2.3. Polymer Mechanical Properties

The branching degree of polyethylenes is a critical factor that profoundly influences their physical properties, including crystallinity, melting point, and mechanical behavior.2 In the context of ethylene polymerization catalyzed by iminopyridyl Ni(II) systems, the resulting polyethylene’s branching degree is governed by the intricate balance between chain walking and chain growth reactions. Operating within an optimal ratio range is essential to achieving polyethylene materials that exhibit superior mechanical properties. Notably, the presence of both suitable crystallinity and high molecular weight in these materials leads to a unique combination of elastomeric characteristics reminiscent of rubber and high-temperature processability typically associated with plastics. Polyethylenes produced by catalysts Ni1Ni4, characterized by high branching degrees, low melting points, extremely low polyethylene density and elevated molecular weights, potentially possess thermoplastic elastomer properties (Table 1 and 2). To elucidate their mechanical behavior, tensile tests were systematically conducted on polyethylenes synthesized by catalysts Ni1Ni4 at 30 °C. The tests of polyethylenes synthesized by catalysts Ni1Ni3 revealed moderate stress at break values in the range of 4.6 to 7.0 MPa, coupled with remarkably high strain at break values spanning from 1650% to 3752% (Figure 2a–c). Conversely, the polyethylene obtained from Ni4 under identical conditions exhibited a significantly lower stress at a break of 0.16 MPa and an exceptionally high strain at a break of 3563% (Figure 2d).

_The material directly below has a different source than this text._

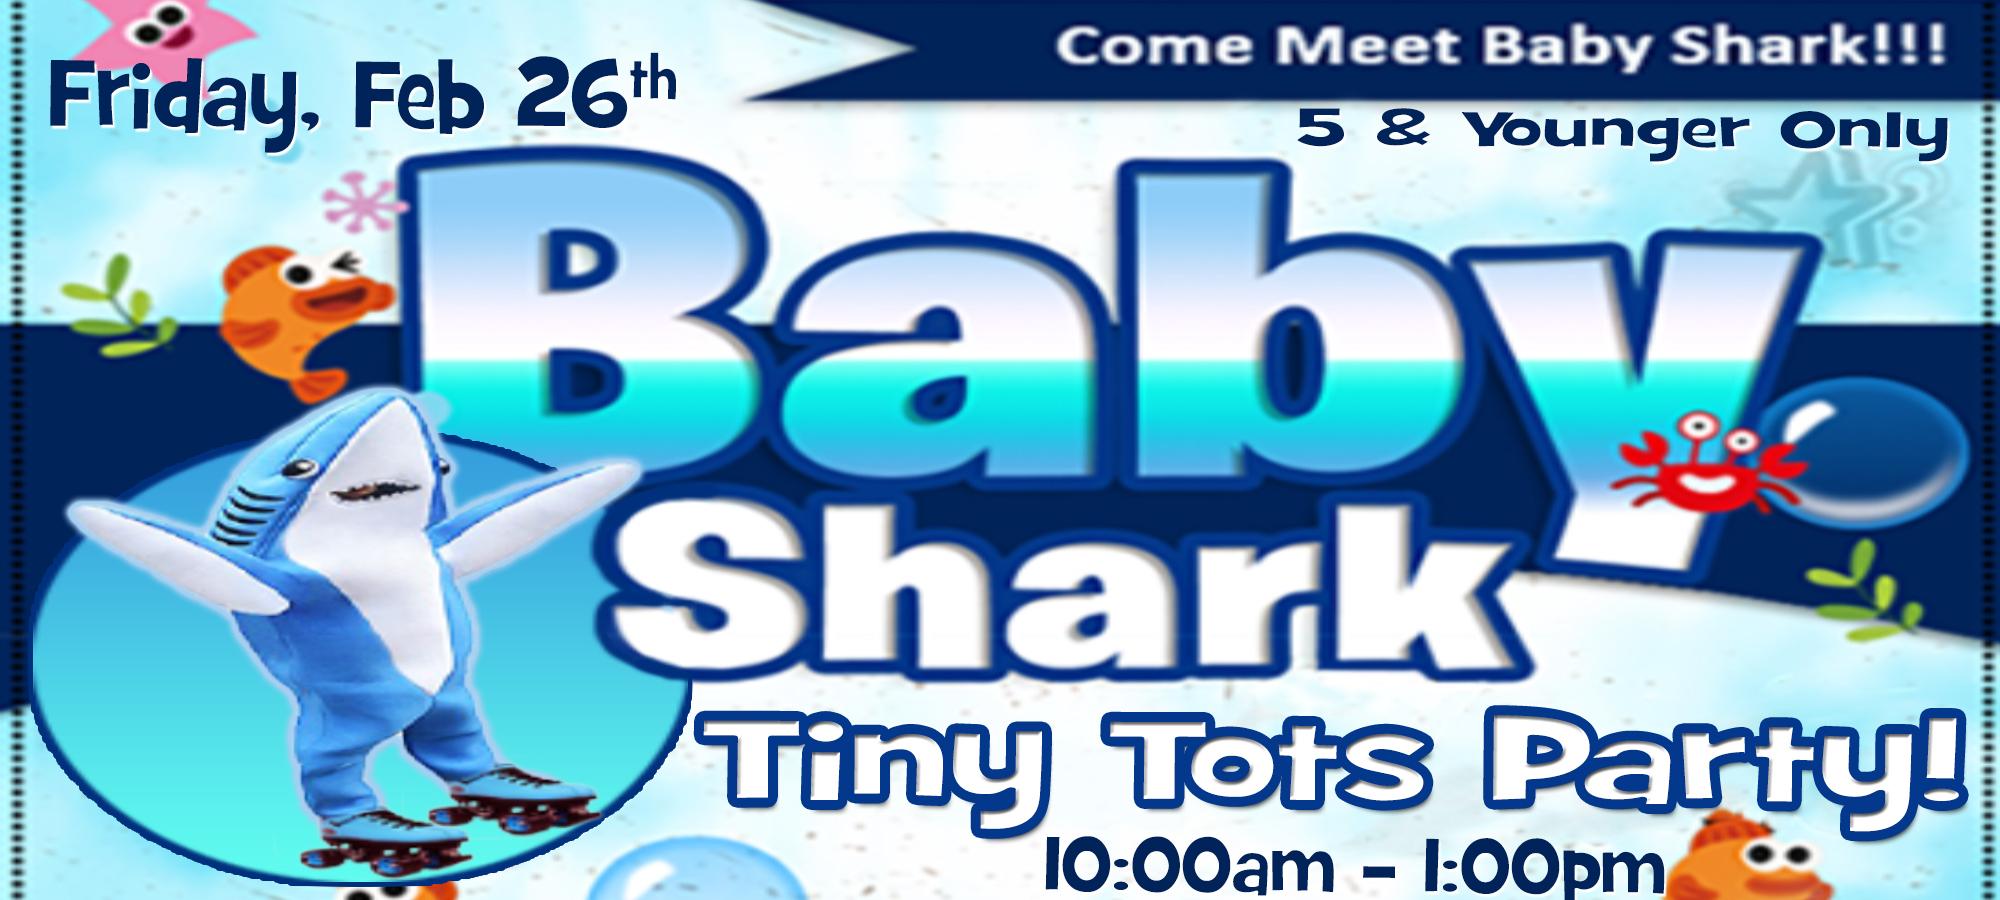 Tiny-Tots-Baby-Shark-2021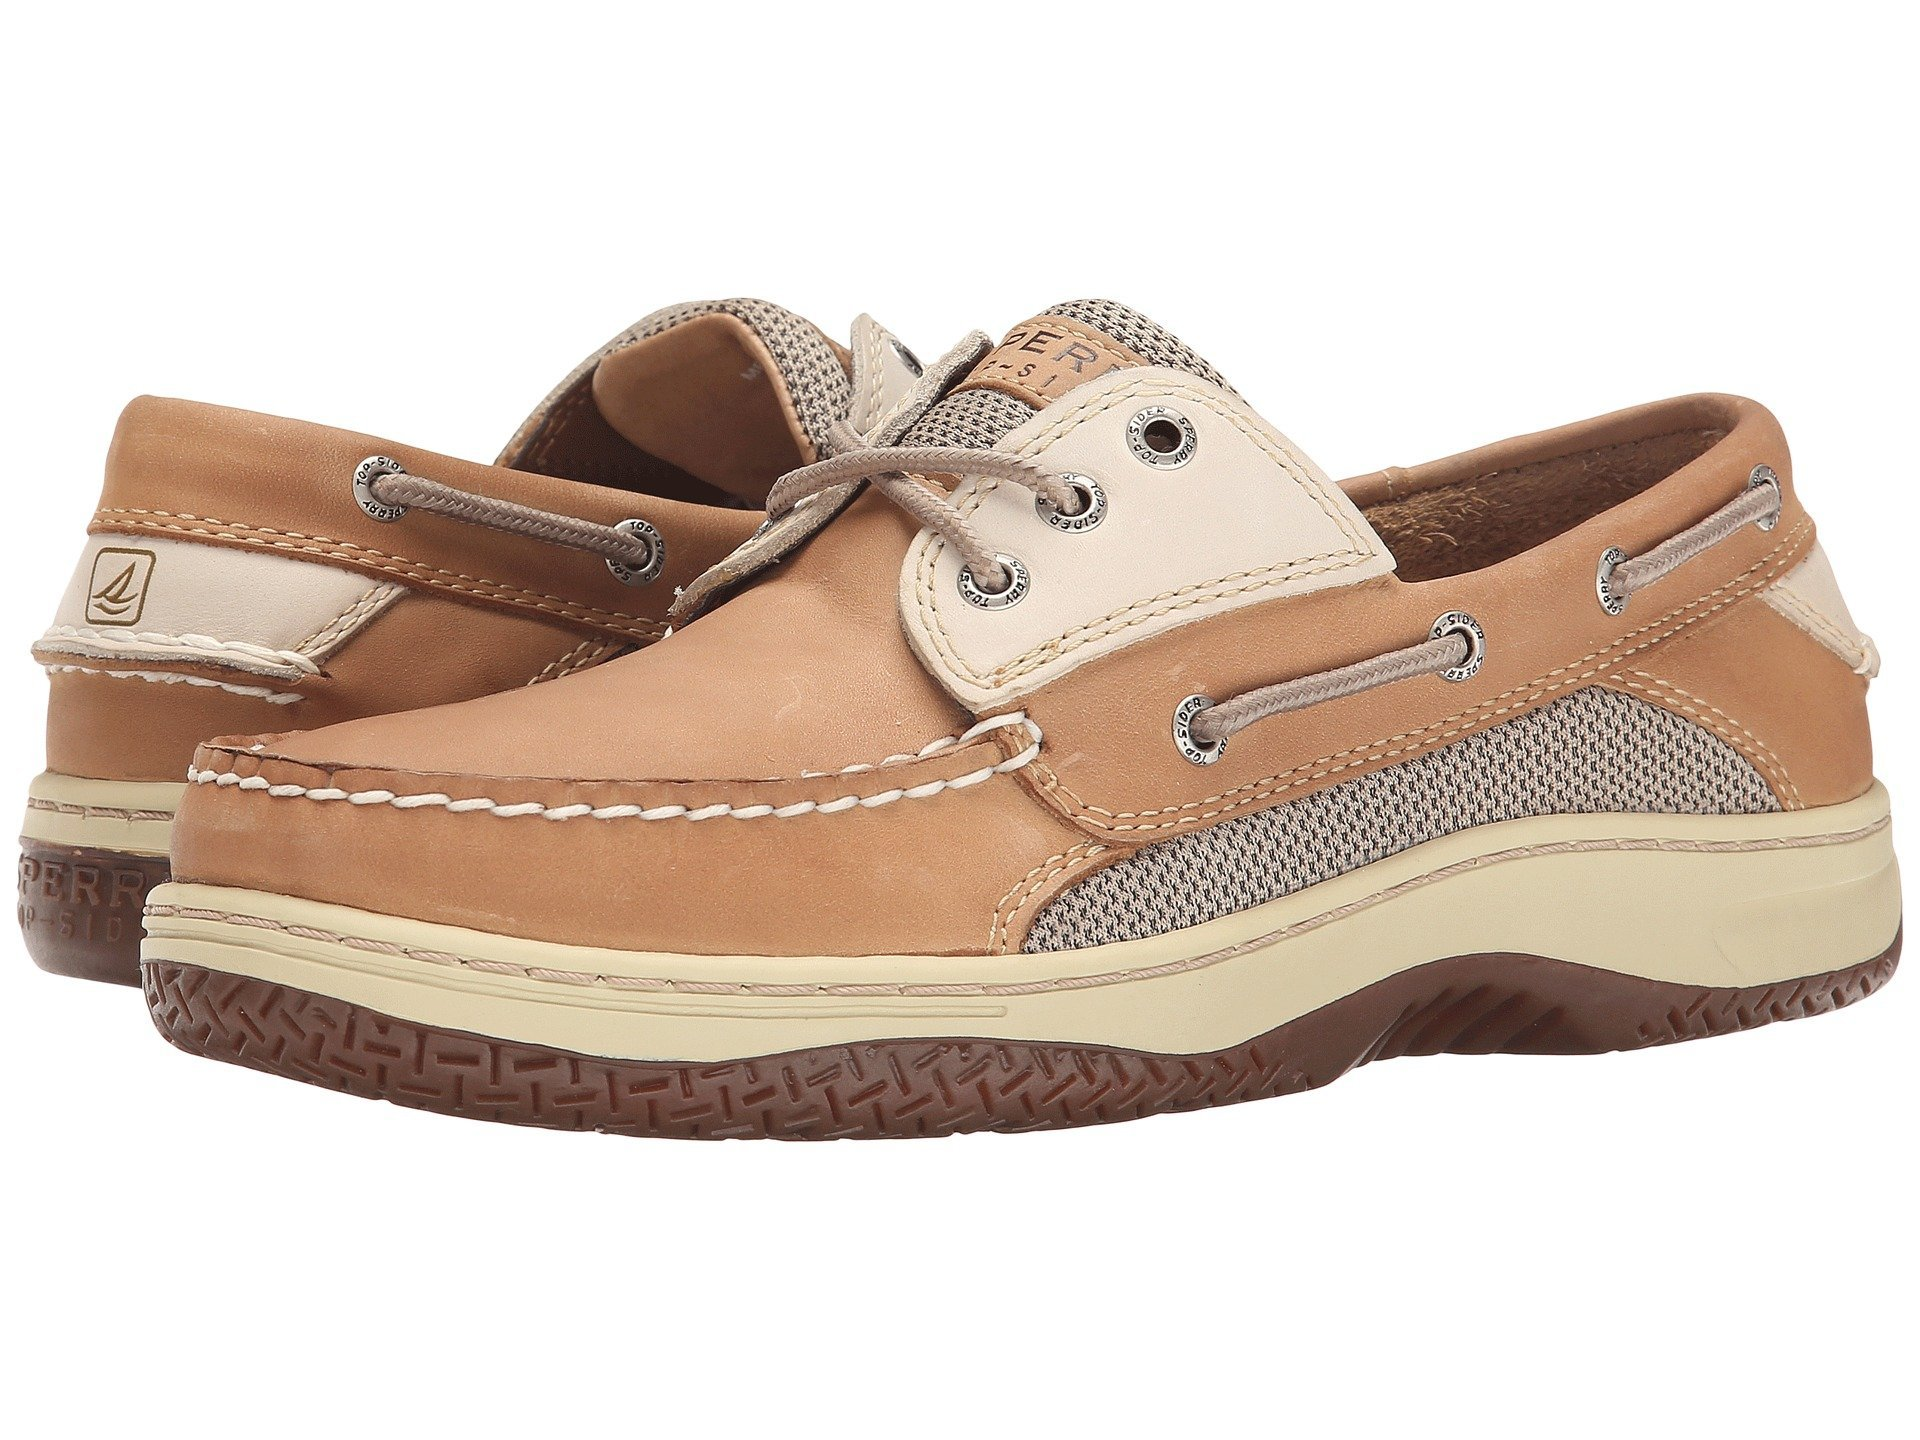 Sperry Top-Sider Men's Billfish 3-Eye Boat Shoe Tan Beige

These findings suggest that under comparable conditions polyethylene elastomers produced by Ni1–Ni3 catalysts demonstrate superior ultimate tensile strength and toughness when compared to those synthesized by Ni4. This observed difference can be attributed to the higher branching degree and lower melting point exhibited by the Ni4-derived polyethylenes, which likely lead to reduced crystallinity and consequently weaker physical cross-linking strength. These POE materials, with their excellent flexibility and plasticity, have a wide range of applications in various fields such as medical devices, sports equipment, daily necessities, vehicle and marine engineering, electronics and electrical systems, construction, and civil engineering, as well as textiles and paper manufacturing.

Table 2. Mechanical Properties of Polyethylene Elastomera.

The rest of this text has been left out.